Chapter 15

Kara

The courtyard air bit cool against my skin. The alarm thrummed in my ear like a danger metronome. Shadows stretched across the walls, every shape an enemy until I cleared it myself.

Cam moved a step ahead, body angled left. Her rifle tracked the perimeter in smooth arcs. I swept right, the pattern automatic. We had cleared ground like this a hundred times before. Tonight the only difference was the reason we were here.

The shift was immediate and complete. Lockdown was not a drill. No second guessing. Threat was assumed until proven otherwise.
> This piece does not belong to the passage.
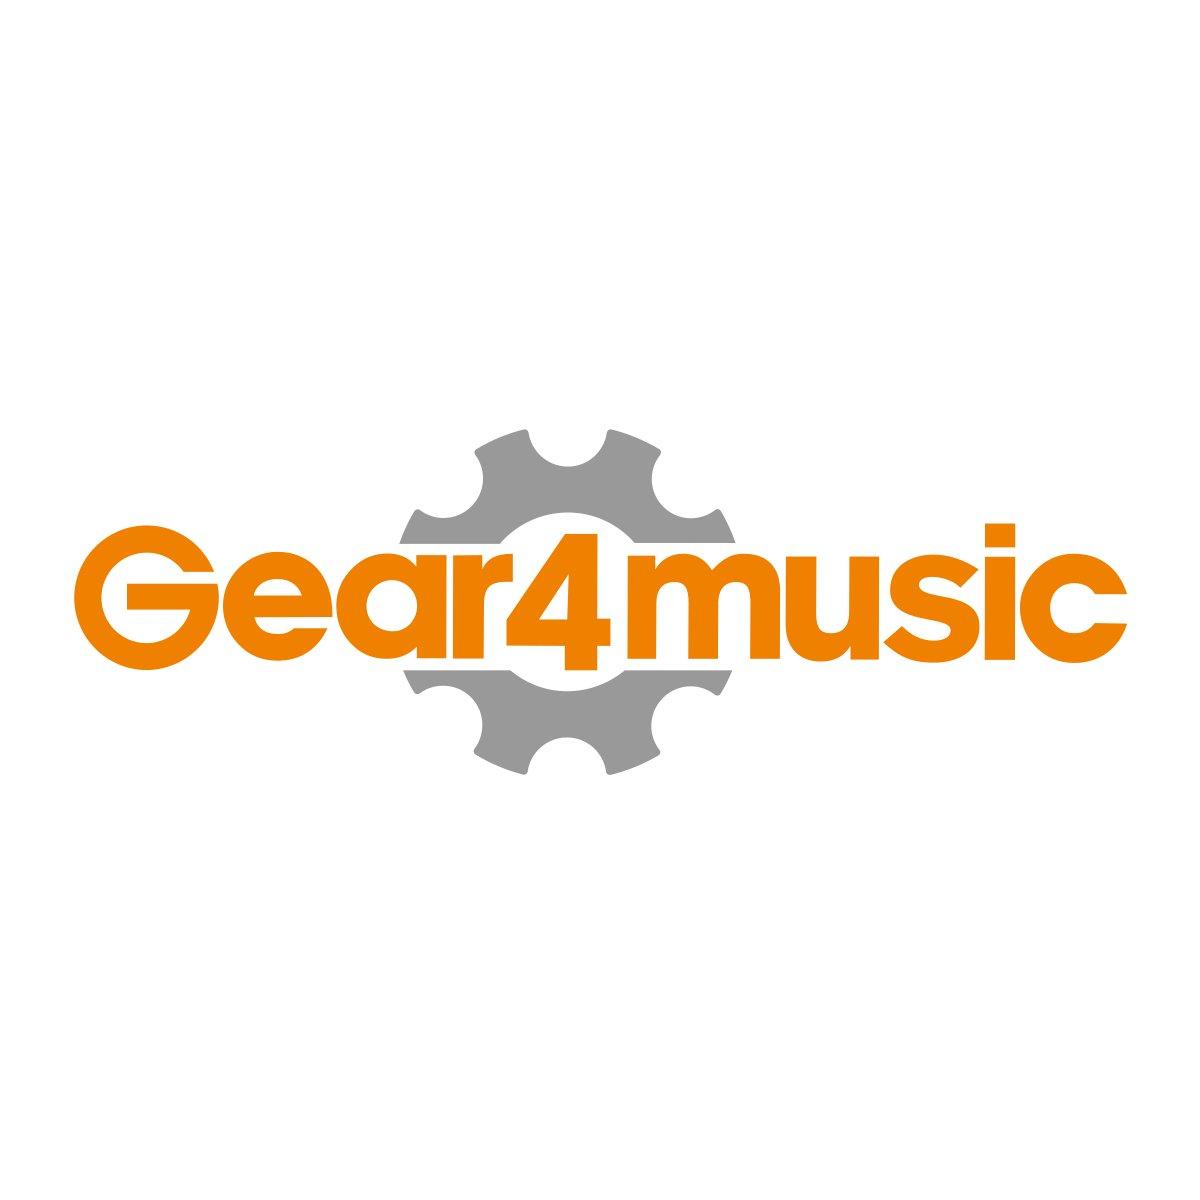 MK-7000 Keyboard with USB by Gear4music - B-Stock

Until we had eyes on the south gate, this place was compromised.

I adjusted the strap of my rifle against my shoulder, the stock tight, the reticle steady on the darker line of trees past the courtyard wall. Movement there would mean escalation. It would mean Sabine was in danger, and nothing got close to her. Not while I was standing.

Cam’s hand flicked, a signal forward. I acknowledged with a nod and kept my angle. Her breathing was even in my ear, a steady counterpoint to the alarm. No wasted movement. No wasted words.

The black SUV sat by the garage, dark against the low light spilling from the house. Cam kept her MP7 up as we closed the distance, her stride steady and sure. I slowed a half step short of the hood and brought my SCAR to my chest. The chamber check snapped loud in the quiet.

Cam angled to the driver’s side. She popped the door and slid in without hesitation, setting the submachine gun next to her. I pulled the passenger door open and slid inside. The rifle laid across my knees, safety clicked to fire, one finger resting light against the guard.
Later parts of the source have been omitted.